What is being asked
The whole listing needs to be restated word for word.

Dataset excerpt
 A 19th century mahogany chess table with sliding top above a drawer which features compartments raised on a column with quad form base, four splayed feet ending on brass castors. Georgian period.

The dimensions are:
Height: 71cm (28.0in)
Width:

Result of this exercise
 A 19th century mahogany chess table with sliding top above a drawer which features compartments raised on a column with quad form base, four splayed feet ending on brass castors. Georgian period.

The dimensions are:
Height: 71cm (28.0in)
Width:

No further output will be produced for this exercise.